Zuko was a little pleased that the spirit of the moon-eyes had chosen him. He was so rarely chosen for anything else. "It had to be me?"
"Yep! Two grown-ups, sharing a grown-up pastime." She waved her arm and the stars fell from the sky to become her jewels, dusting her skin like diamonds. Suddenly there were a million prismed Kataras, a kaleidoscope of them turning, turning over his head, and he realized it was because she was leaning over him, her hair tickling his ears as she tilted her head—the Kataras all turned in the opposite direction, merging into one and then splitting out again—tickling his ears—like—like—
"I think I'm being attacked by a furry monster," he whispered, wide-eyed, unable to see anything past the curtain of her hair and the constantly revolving moons of her eyes.
"No you're not, silly," she whispered, and then something that tasted like cactus juice but wasn't was touching his lips, and so he opened his mouth and drank, deeply, reaching up with his hands to—
"Furry monster!" he yelled in panic, or tried to yell, bolting up, but his lips were stuck to Katara's and his hands were being wrapped like a furry boa constrictor had hold of them, and she was screeching something about ow, ow, my hair, the furry monster has my hair has my hair and the harder he struggled the more she squealed until their heads connected with a painfully loud thud and they collapsed to the ground.
Zuko blinked the stars away, and for a brief lucid moment he realized Katara's head was lying on his chest and her shoulders were shaking and he lifted his arms to see that his hands were tangled in her hair, soft and silky. She propped her chin up on his chest and said, "Ow."
"Your hair is soft," he said.
"You're like a pillow," she said, experimentally pushing against his chest, bouncing her finger up and down. "A really hard, nicely covered pillow.
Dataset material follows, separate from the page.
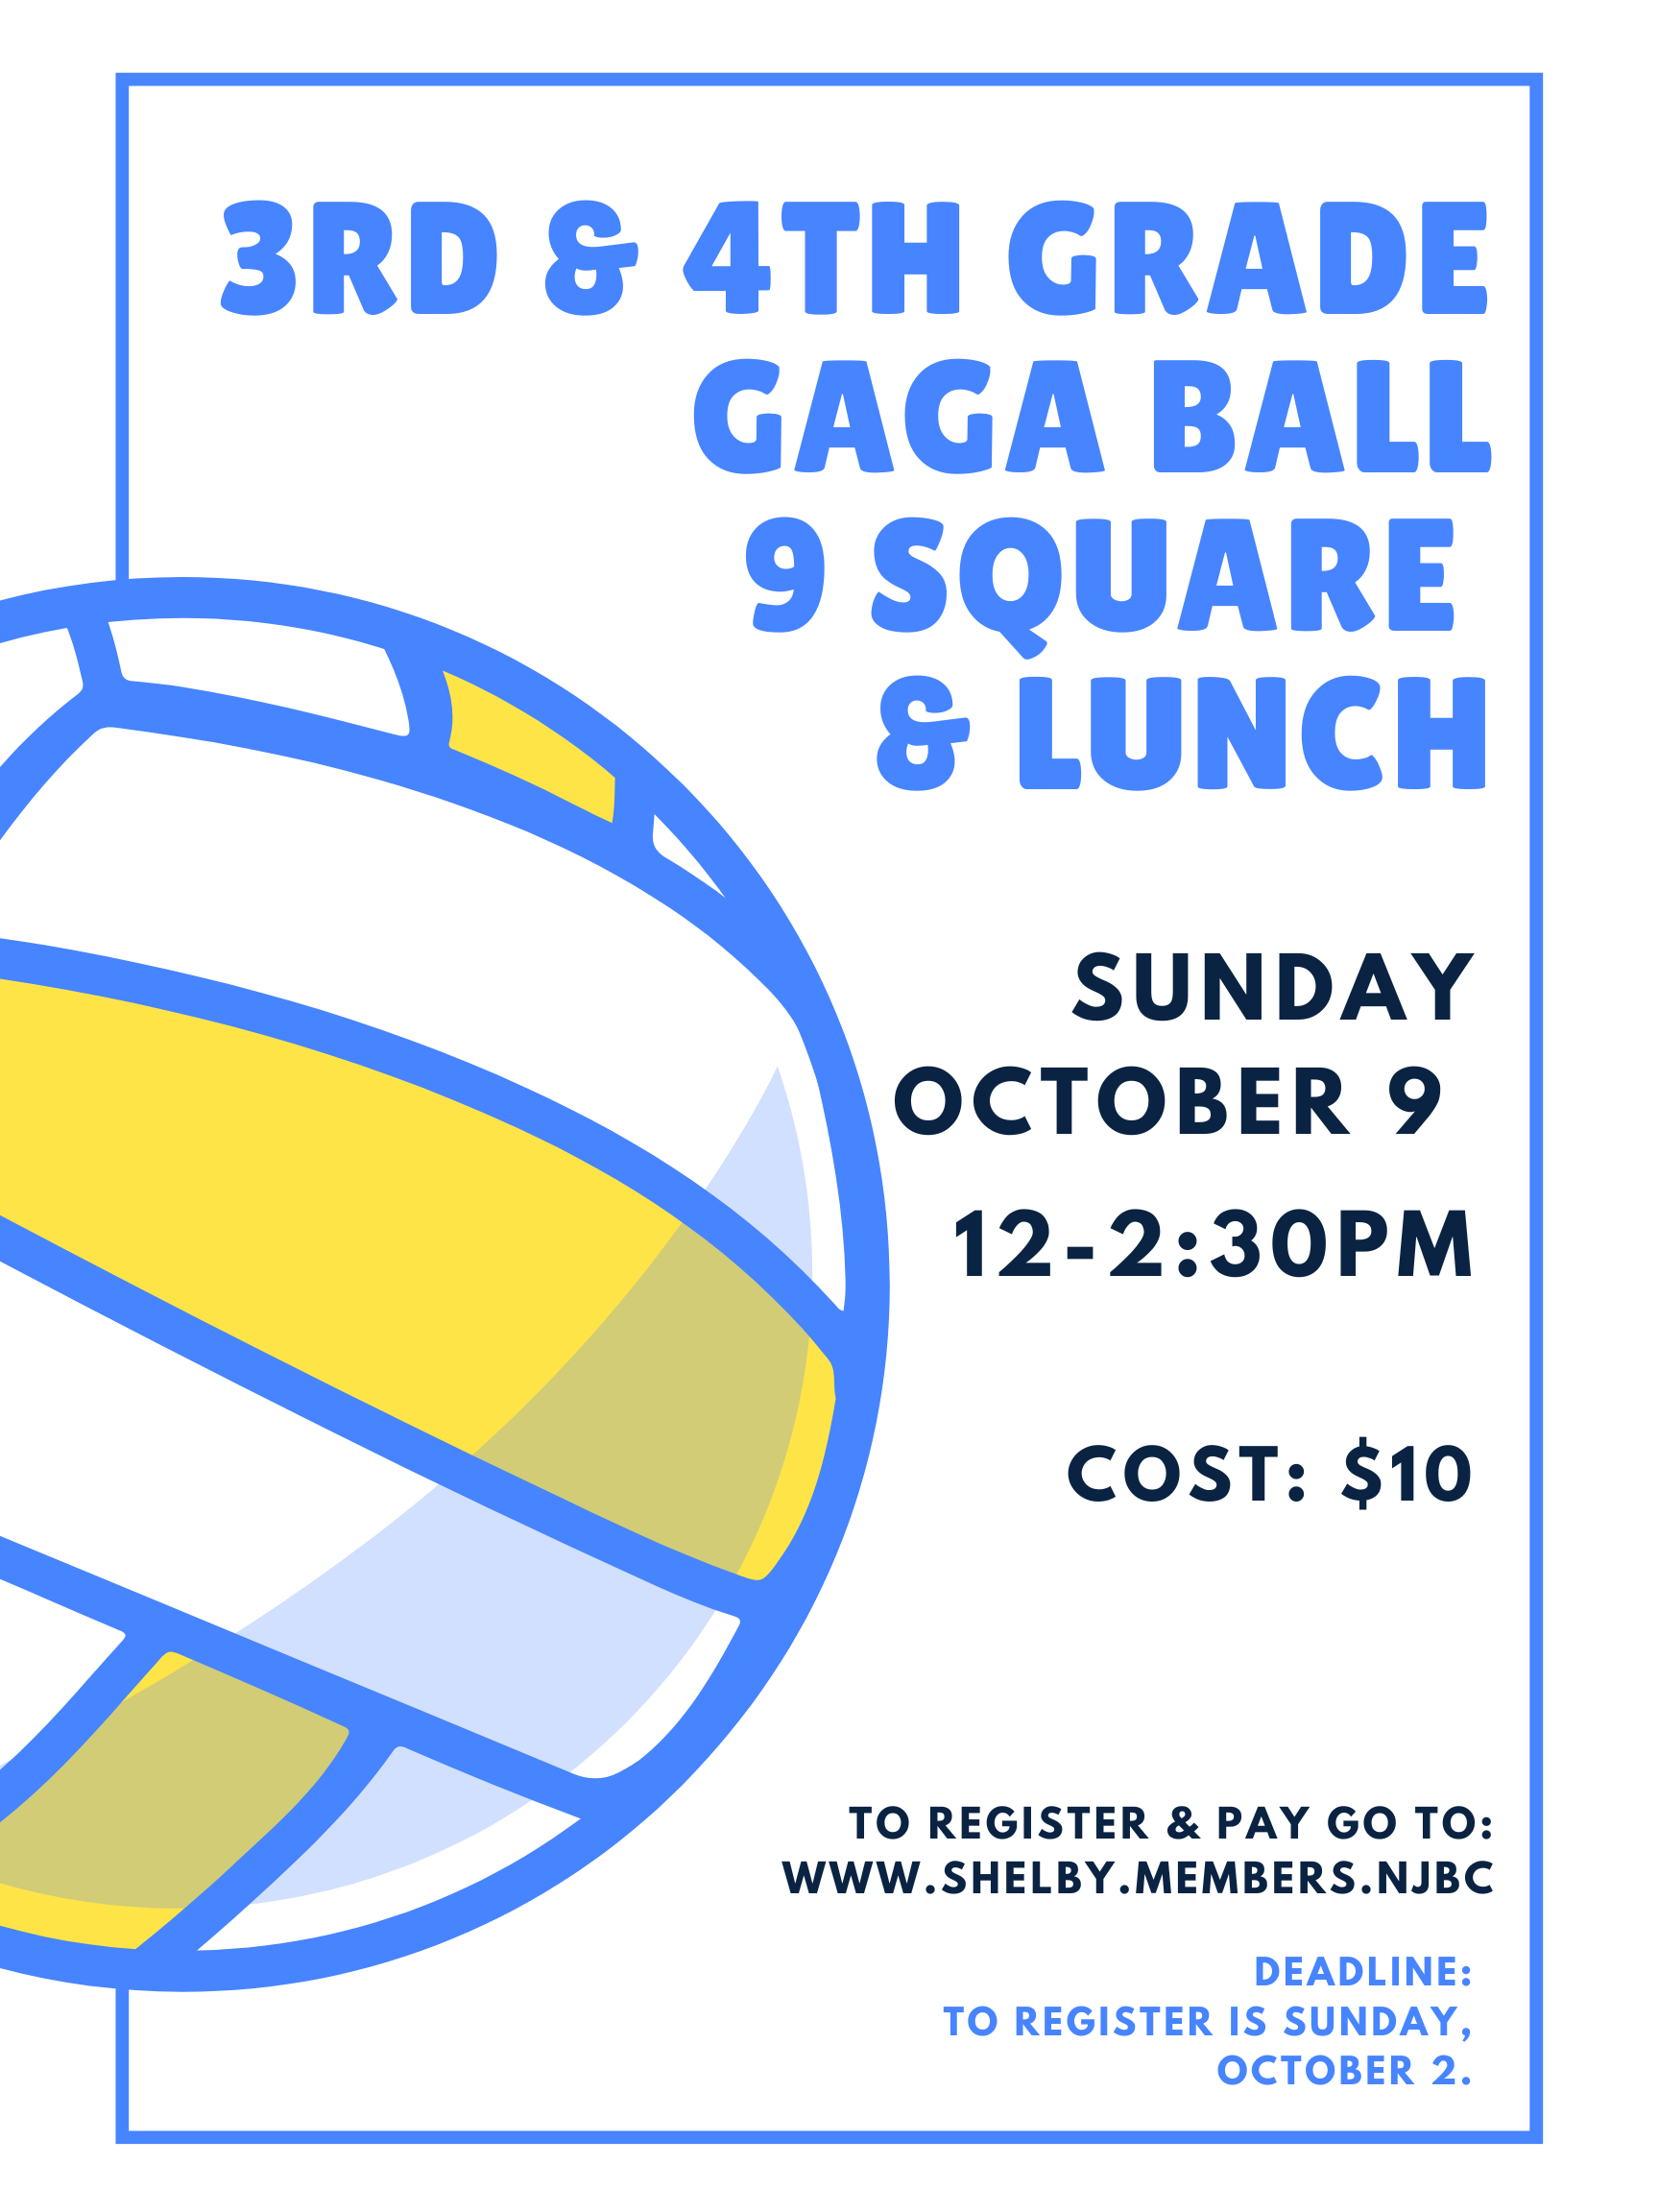 3rd & 4th Grade Gaga Ball, 9 Square & Lunch Oct 9

Not as fat as a pillow, but still…fluffy! Are you filled with feathers?"
"I think your eyes are pretty," he told her.
She slipped her hand inside his shirt. "No feathers," she said, disappointed, her fingers dancing over his skin.
"You smile pretty," he said.
"I thought a rich pillow like you would have feathers," she continued, oblivious to the fact that his hands had freed themselves from her hair and were now stroking her head. She withdrew her hand from his shirt—for the best, he was starting to think that ants were running all over his chest, and he really hated fire ants—and said, "Oh well," and dropped her head face-first into his chest. Within seconds, she was snoring.
For the third time that night, Zuko couldn't breathe. But there wasn't anything to do about it, so he closed his eyes and went to sleep, and dreamed of moons and suns colliding.